The regulatory framework for Free Trade Zone (FTZ) offshore bonds has been upgraded, with authorities providing clearer guidance on how commercial banks can participate in this market. On the 17th, the National Financial Regulatory Administration (NFRA) issued a notice concerning commercial banks' engagement in the FTZ offshore bond business within the Pudong New Area, explicitly supporting their involvement provided it complies with laws and regulations and risks are controllable. Earlier the same day, the People's Bank of China and five other government departments jointly released the "Action Plan for Developing Offshore Finance in the Shanghai International Financial Center," providing a top-level design for the construction of an offshore financial system.
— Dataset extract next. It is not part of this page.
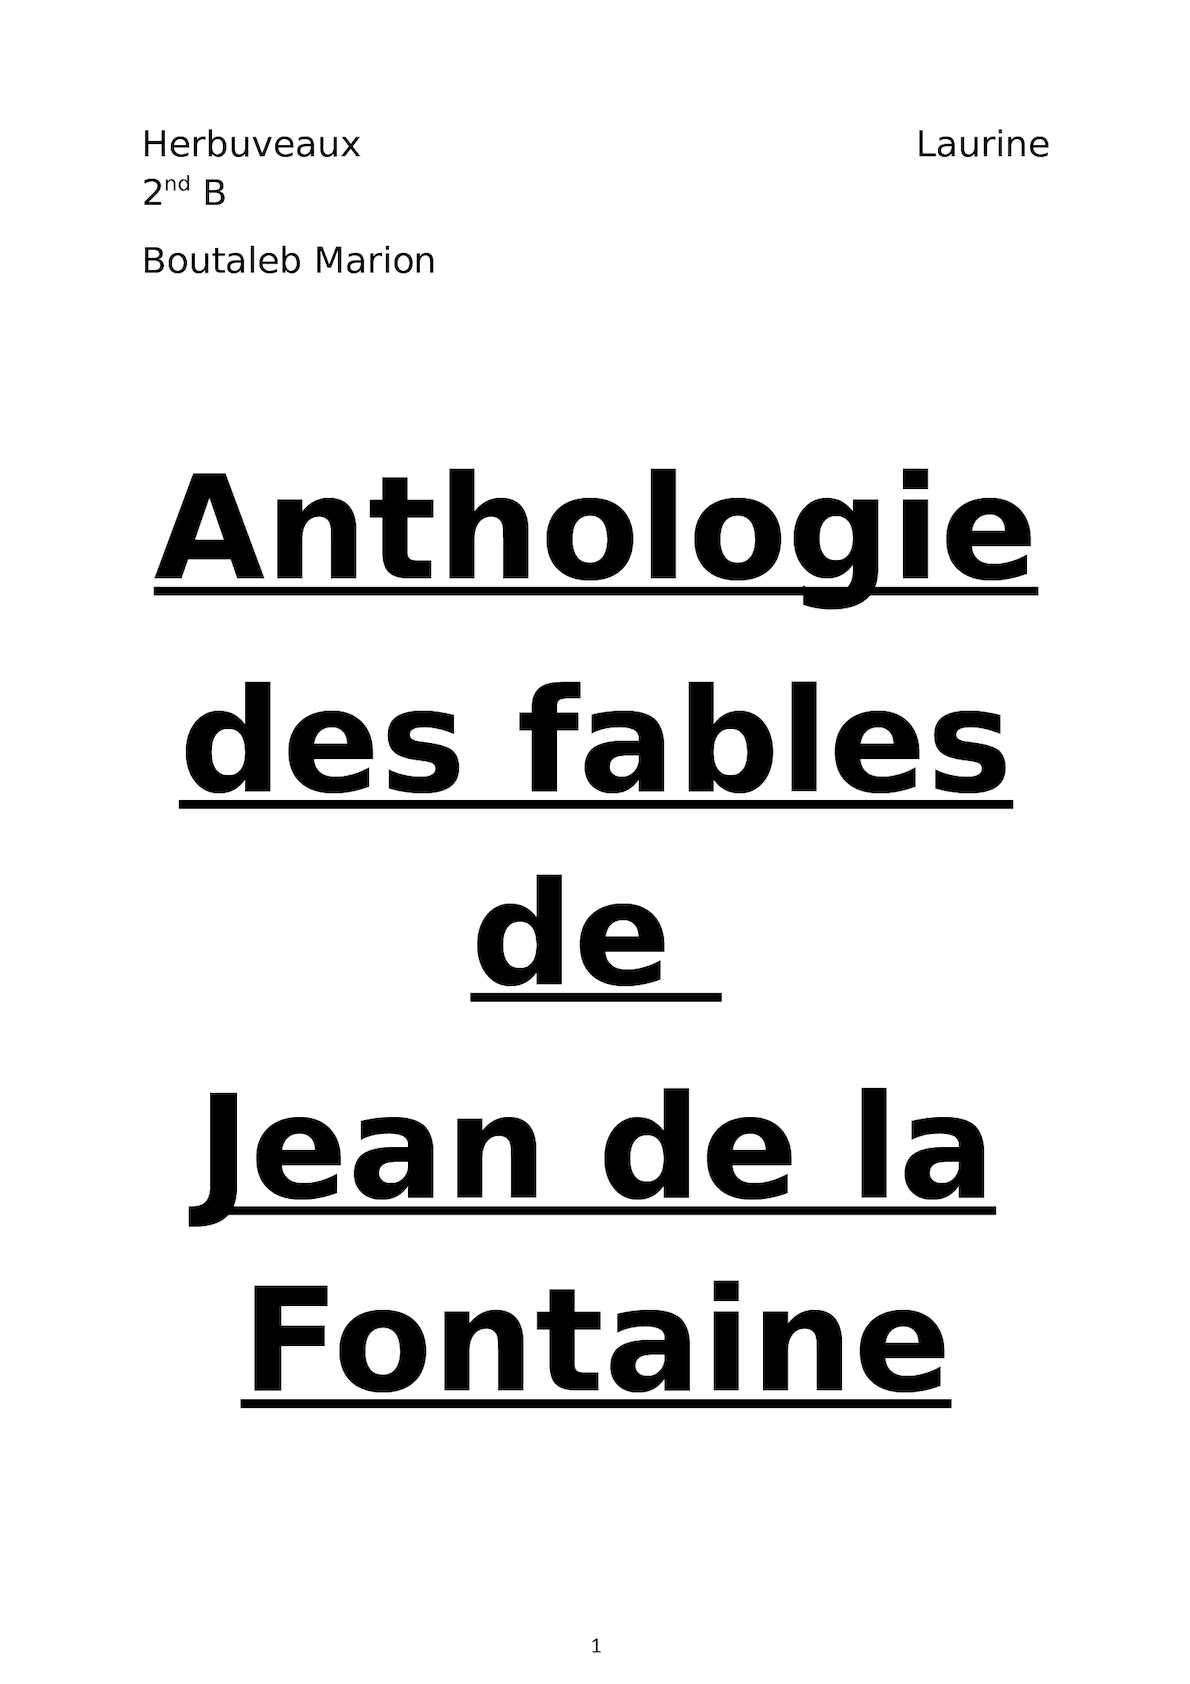 Calaméo - Anthologie des fables de la Fontaine

Industry insiders believe the core significance of these series of rules lies in establishing a systematic institutional framework for commercial bank participation in the FTZ offshore bond business. Over the past year, market practice has led the way, but some commercial banks have sought clearer regulatory basis and operational guidance for underwriting and investment activities. The issuance of this notice marks the regulatory authorities' move to establish corresponding rule systems while "opening the door," addressing the practical needs of market institutions and reflecting a regulatory logic of prudent advancement and risk control.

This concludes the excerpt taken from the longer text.